## Data supplied
************
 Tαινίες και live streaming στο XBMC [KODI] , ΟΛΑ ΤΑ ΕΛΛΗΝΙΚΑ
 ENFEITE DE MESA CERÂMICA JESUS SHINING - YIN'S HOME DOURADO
************
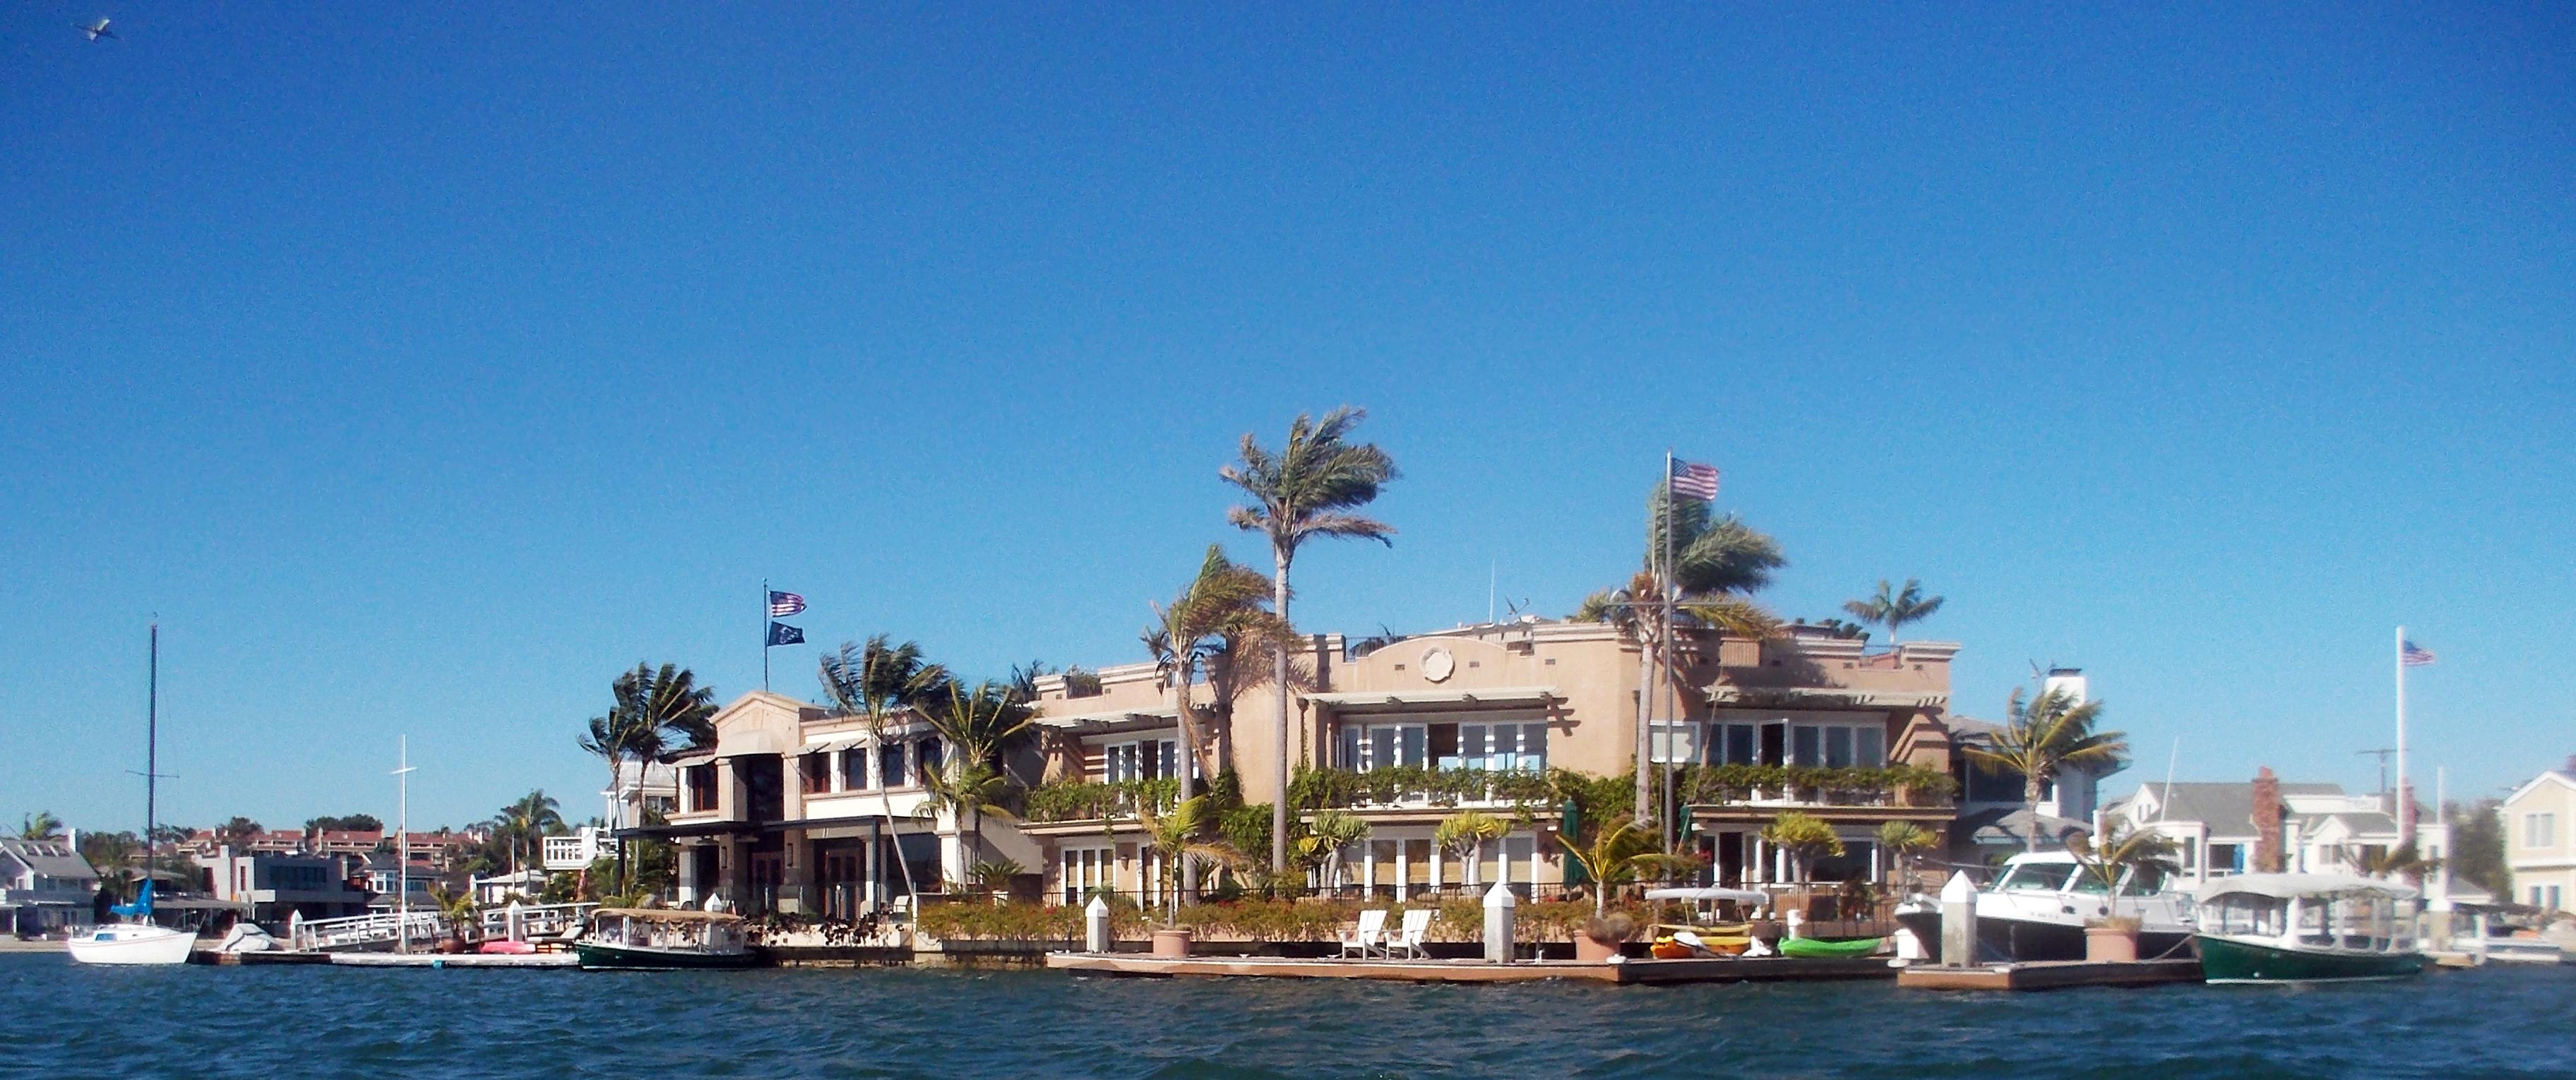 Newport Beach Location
************
## Task to carry out
Where the line holding "Tαινίες και live" appears in the listing above, start reproducing exactly, and end with the line holding "ENFEITE DE MESA".

## Task answer
 Tαινίες και live streaming στο XBMC [KODI] , ΟΛΑ ΤΑ ΕΛΛΗΝΙΚΑ
 ENFEITE DE MESA CERÂMICA JESUS SHINING - YIN'S HOME DOURADO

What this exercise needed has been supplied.